Air France : fatigue des pilotes et mutisme du ministre

Ce 17 août, Alter, syndicat minoritaire des pilotes d’Air France et de Transavia, a rendu public un courrier adressé au gouvernement en juillet dernier mettant en garde […]

Ce 17 août, Alter, syndicat minoritaire des pilotes d’Air France et de Transavia, a rendu public un courrier adressé au gouvernement en juillet dernier mettant en garde le ministre chargé des Transports Clément Beaune contre la « fatigue chronique déraisonnable » de son personnel qui menace jusqu’à la sécurité des vols. Fin juin, ce même syndicat avait déjà appelé à une grève pour dénoncer un « danger grave et imminent sur la fatigue des pilotes », éreintés notamment par la hausse des amplitudes de vols.

Le troisième syndicat d’Air France dénonce un manque de personnel criant – pilotes, hôtesses, stewards, mécaniciens, agents au sol – alors que le groupe franco-néerlandais Air France-KLM a fait état fin juillet du triplement du nombre de ses passagers en un an, avec un chiffre d’affaires trimestriel de 6,7 milliards d’euros, dont 324 millions d’euros de bénéfice net ! Les effectifs sont au bord de l’explosion, les tensions sont vives au sein de l’entreprise – « communication anxiogène et violences managériales très compliquées à vivre pour les salariés » cite Alter dans sa missive, 10 % des pilotes d’Air France se déclarant d’ailleurs « en état de dépression ».

Sans réponse dudit ministère, Alter choisit donc de dévoiler sa missive et alerter ainsi sur la politique du chiffre et l’« ambition de rendement » de la compagnie et de son directeur général qui mettent littéralement en péril la sécurité des vols et font « exploser les risques psychosociaux ». Le syndicat annonçait déjà en juin que le patron Benjamin Smith voulait passer d’une rentabilité annuelle de 5 % à 10 % en sortie de crise sanitaire. Cette ambition jugée démesurée passait nécessairement par l’augmentation des cadences et des risques sur les vols des appareils.

Cette course au profit se fait par ailleurs au détriment de l’engagement environnemental de la compagnie, selon le syndicat qui pointe par exemple l’augmentation de la consommation de carburant et des émissions de CO2 de 6 %. Sont également dénoncés la réorganisation des créneaux de décollage qui favorise les vols de loisirs plus rentables de sa filiale Transavia, le choix porté sur de remplacer l’Airbus A320 par l’A220 ou encore l’appel à des pilotes instructeurs d’Airbus Canada faute d’avoir pu former de nouveaux pilotes, avec les risques que ces changements augurent.

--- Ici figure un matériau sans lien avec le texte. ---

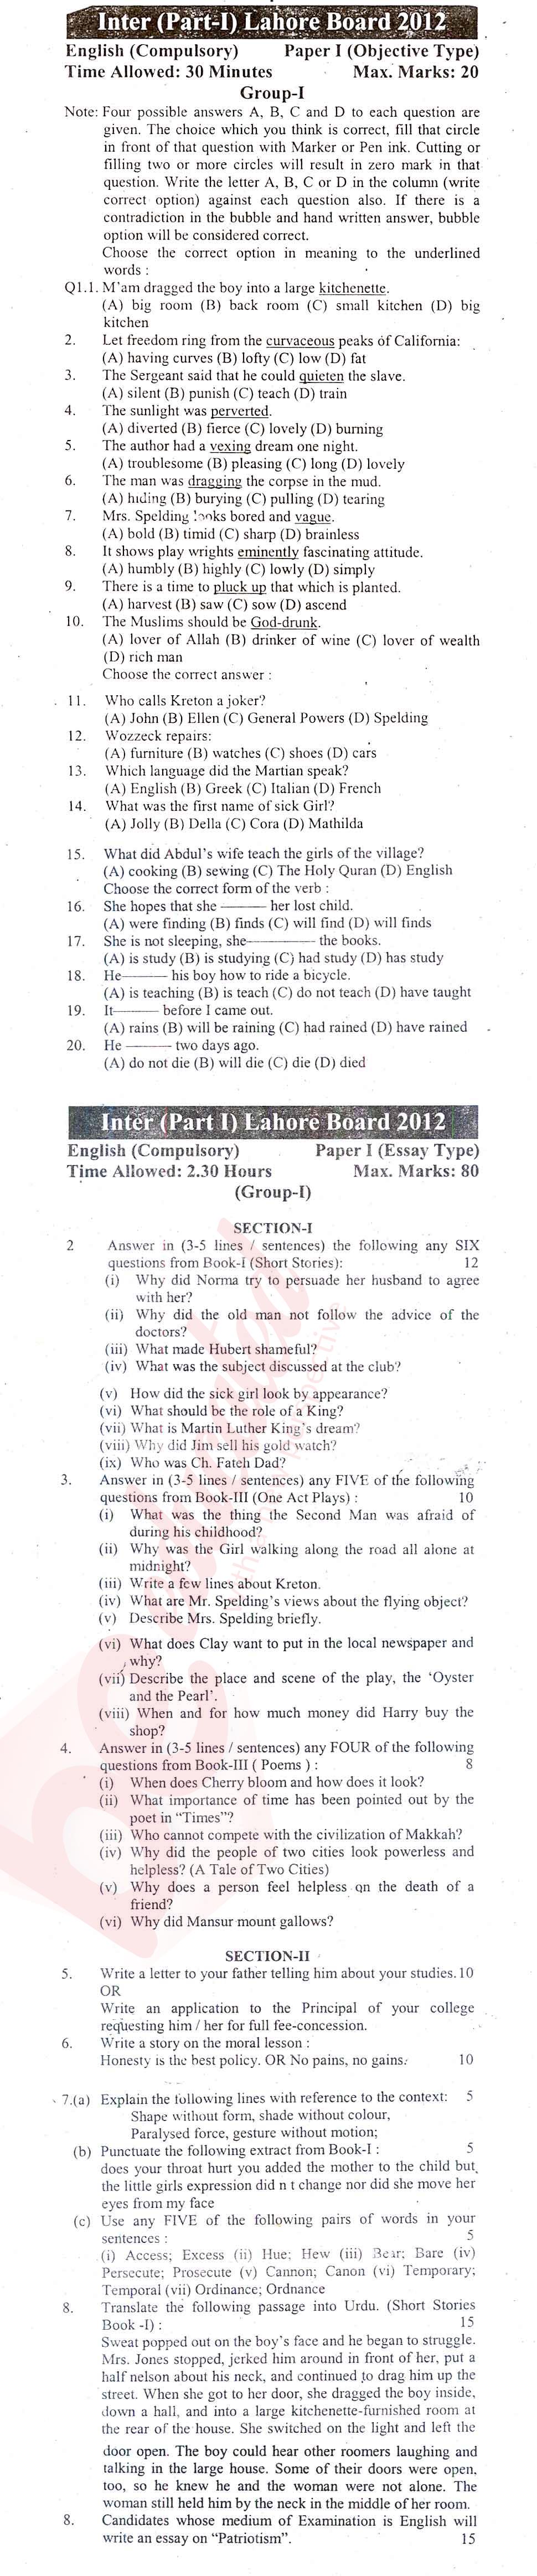 English 11th class Past Paper Group 1 BISE Lahore 2012

Air France a assuré pour sa part que « la sécurité des vols, de ses clients et de ses équipages est sa priorité absolue » et qu’elle respecte largement les temps de repos de son personnel. La compagnie a ajouté que pour répondre, en termes d’effectifs, à son programme ambitieux de développement, le recrutement de quelque 700 pilotes pros et cadets a commencé en avril 2021 et devrait s’achever fin 2022. Reste que le mutisme du ministre de tutelle est critiqué, sinon pas compris. « Faut-il attendre qu’un pilote ferme les yeux pour qu’il ouvre les siens ? », interroge-t-on.